EXERCISE
For this task, output exactly the lines of the material below starting at the line with "Províncias da região de Cuyo na Argentina" and ending at the line with "Mobile Web Design 2013"; pictures are to be excluded.

EXCERPTED RECORDS
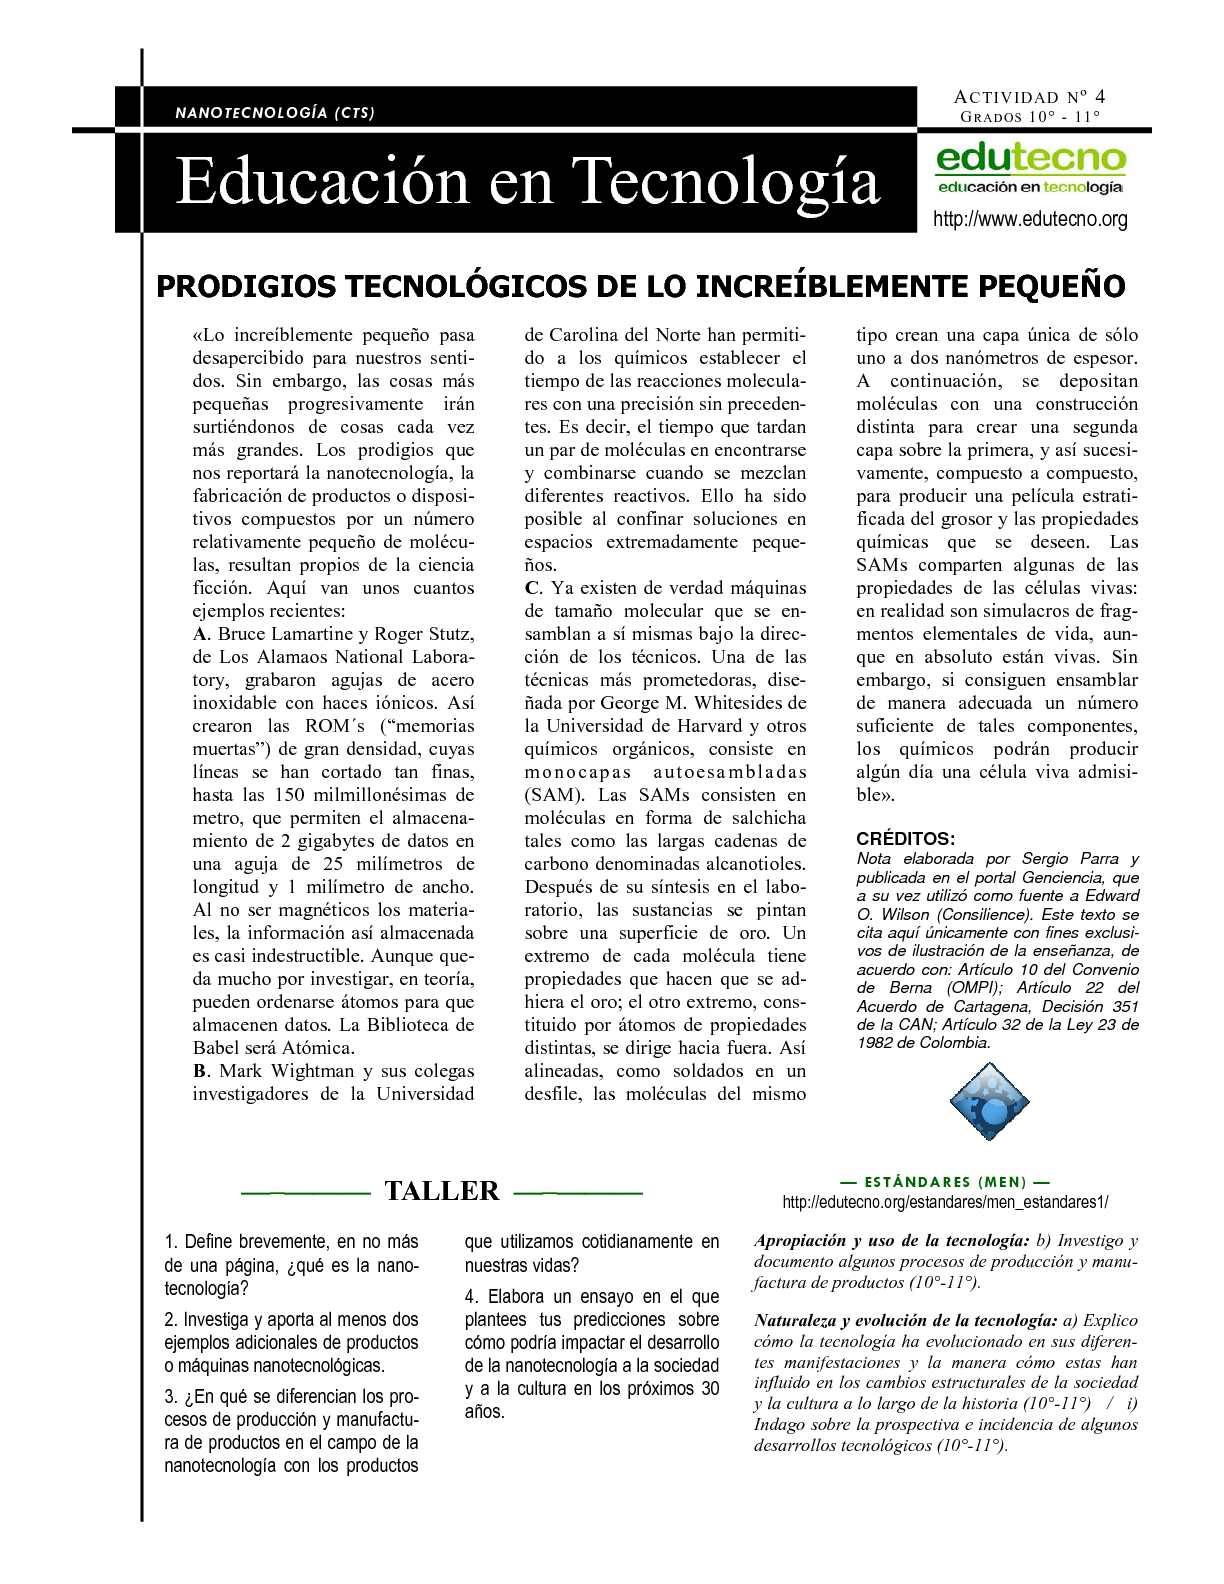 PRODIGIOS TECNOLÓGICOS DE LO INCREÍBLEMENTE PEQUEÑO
==
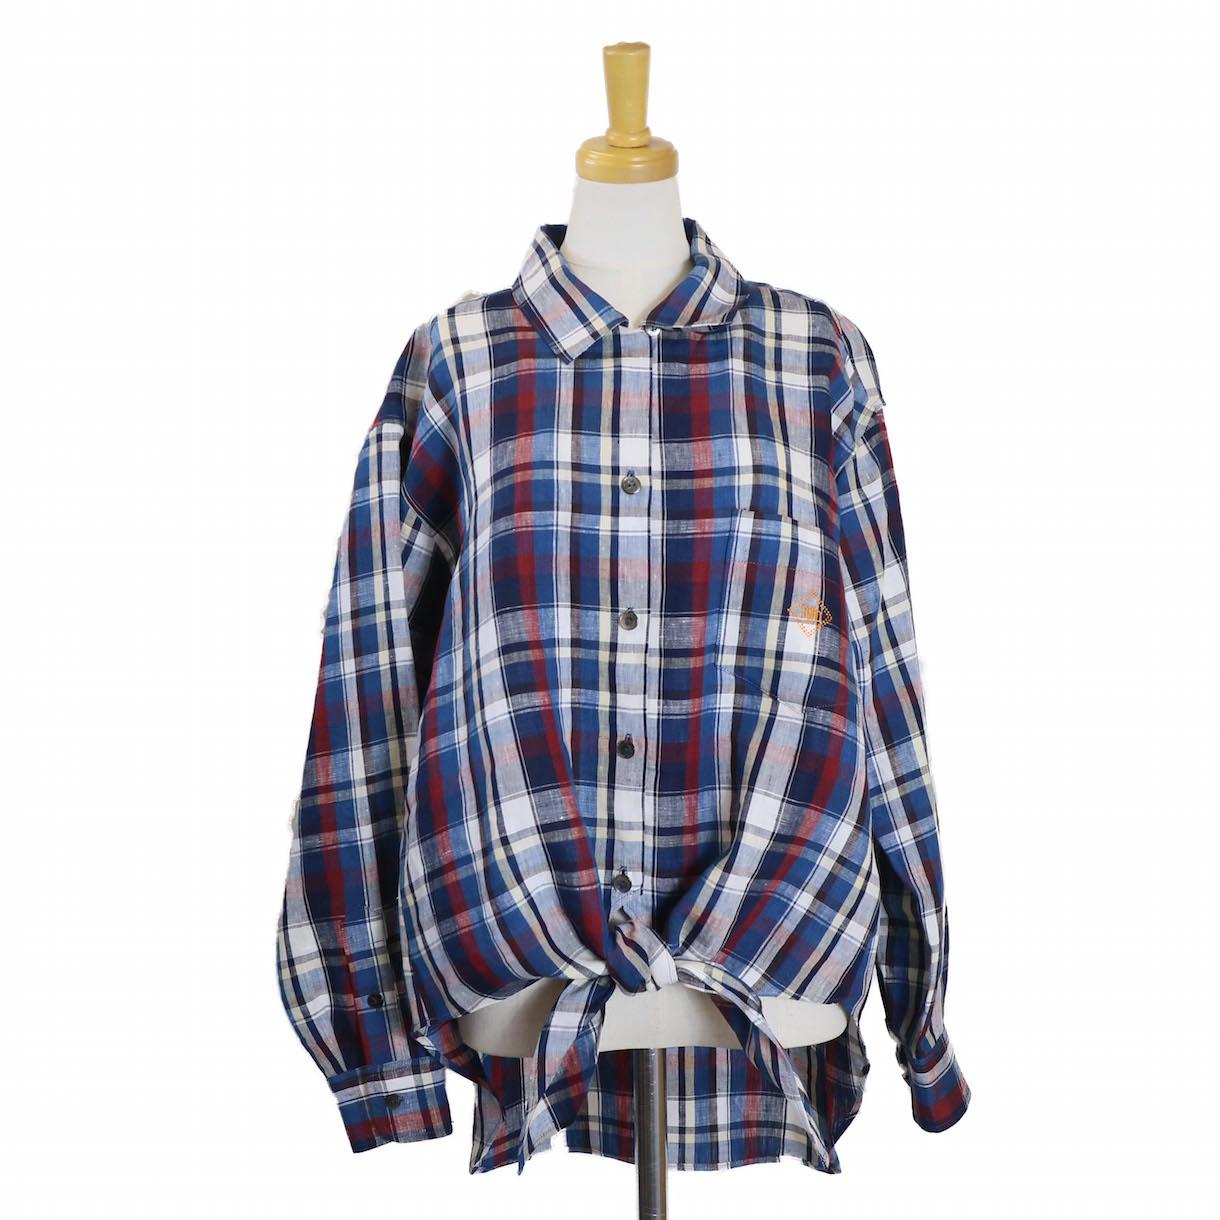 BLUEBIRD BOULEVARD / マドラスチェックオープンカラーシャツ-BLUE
---
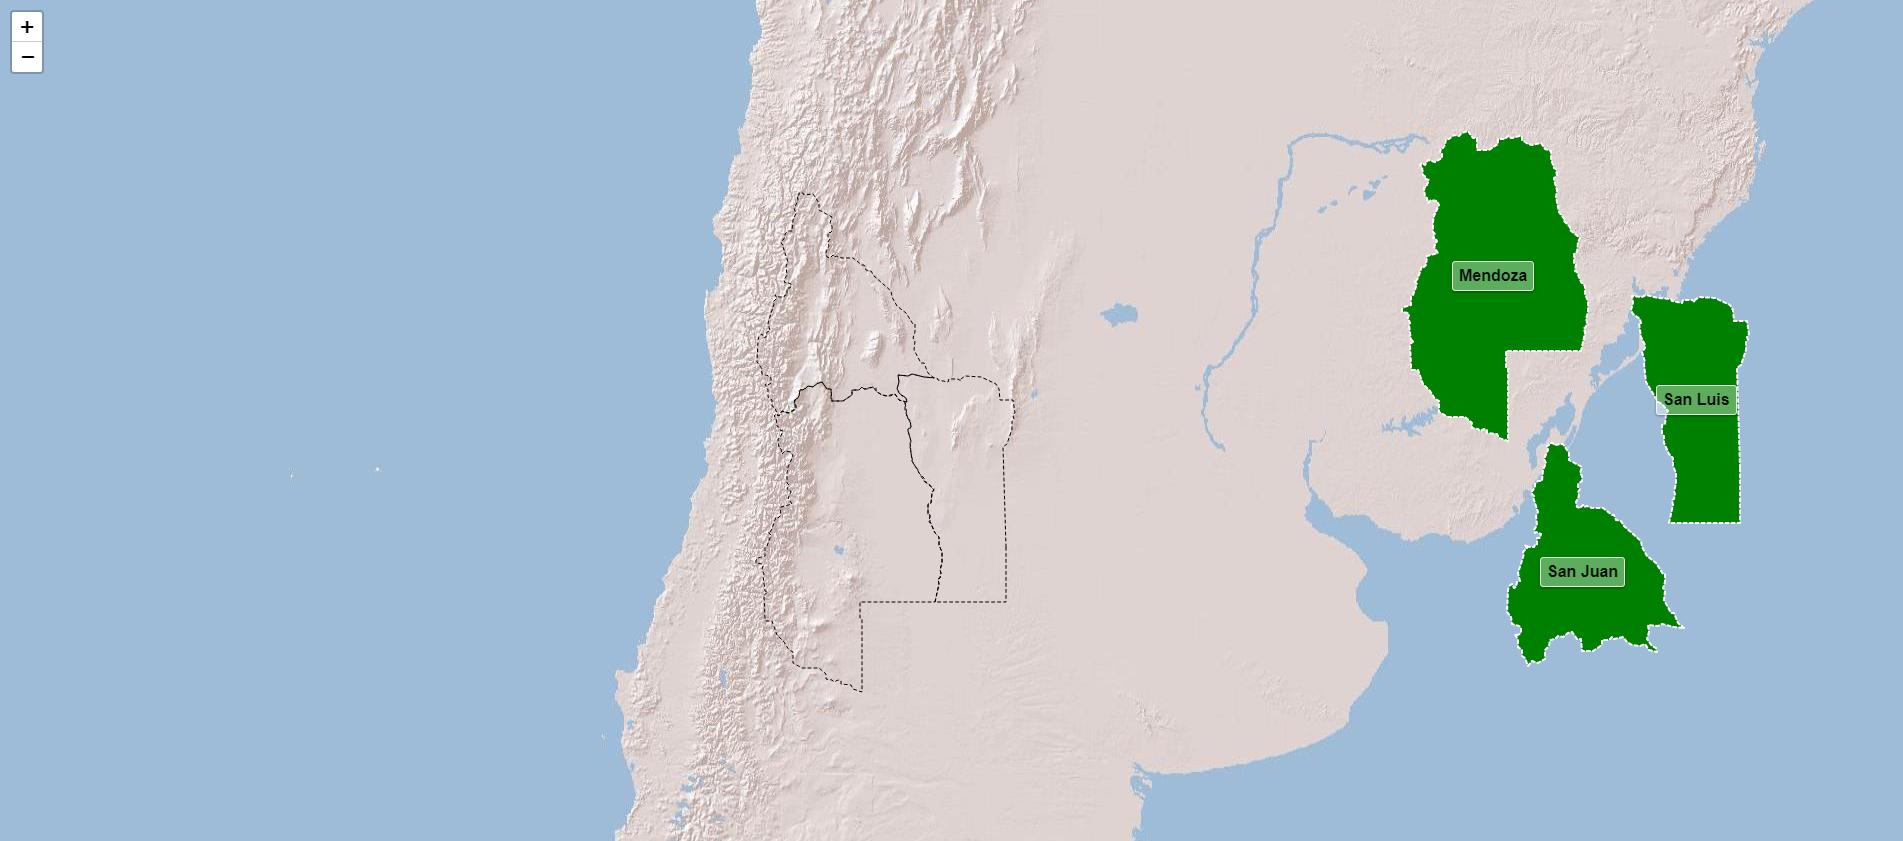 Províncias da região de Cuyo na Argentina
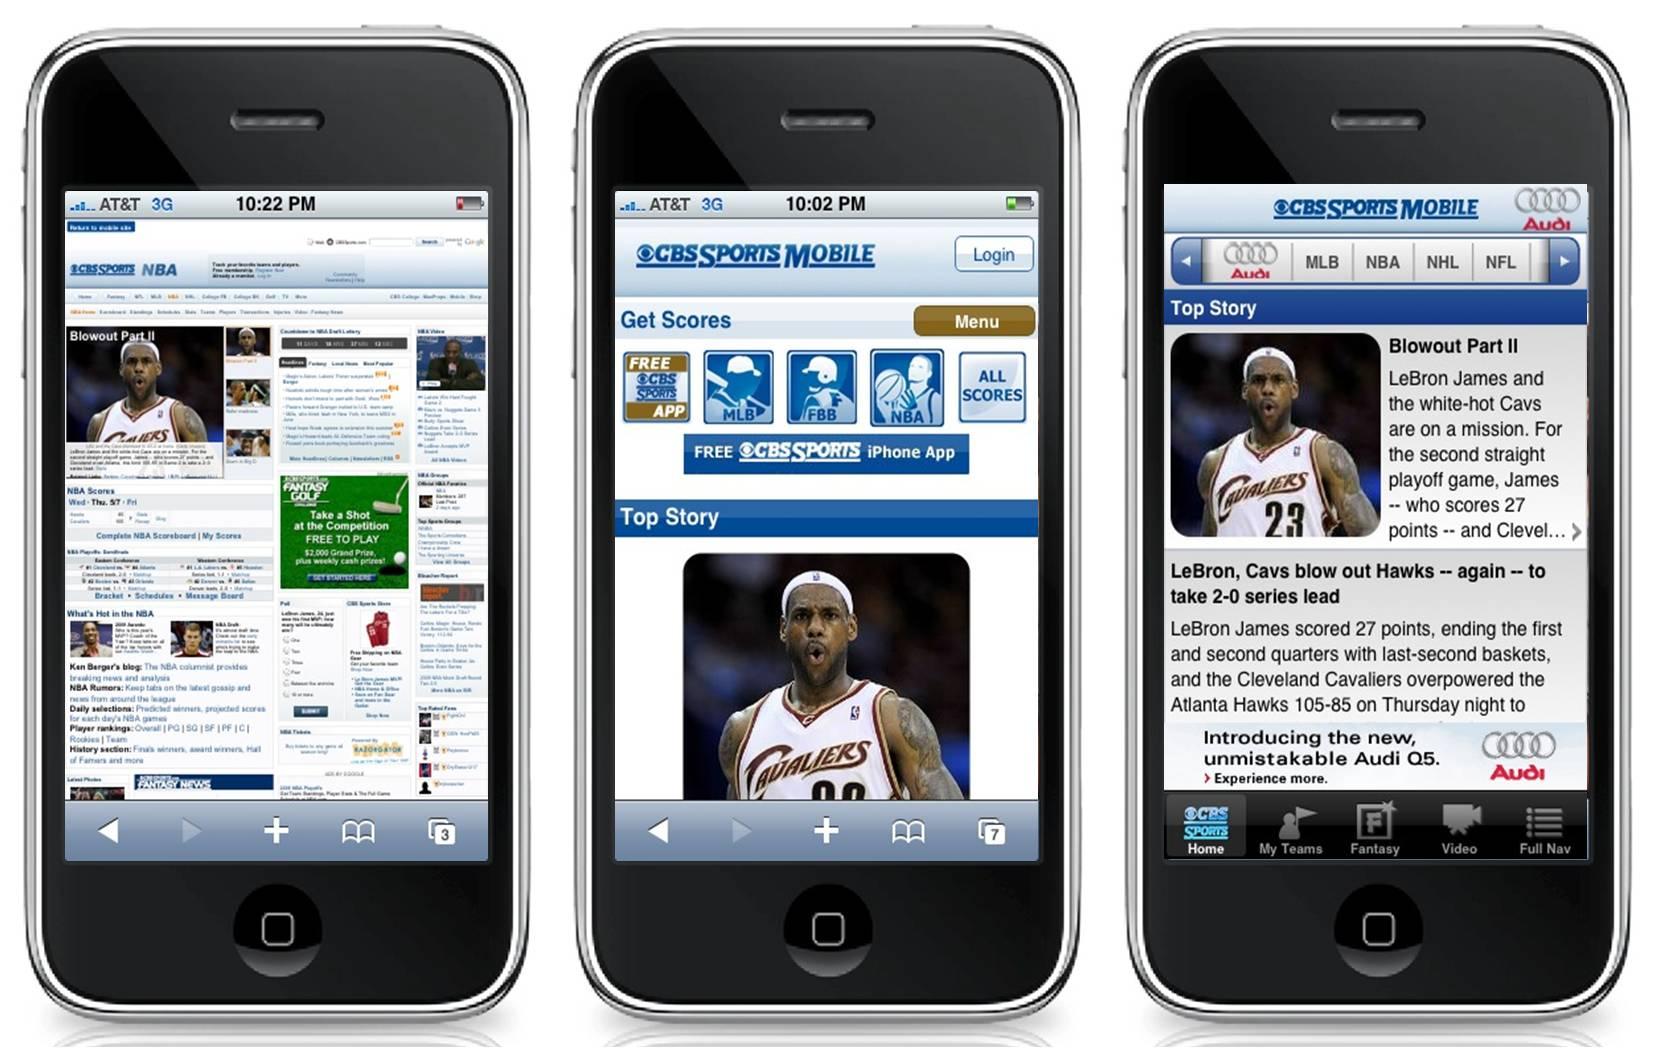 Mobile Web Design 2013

ANSWER
 Províncias da região de Cuyo na Argentina
 Mobile Web Design 2013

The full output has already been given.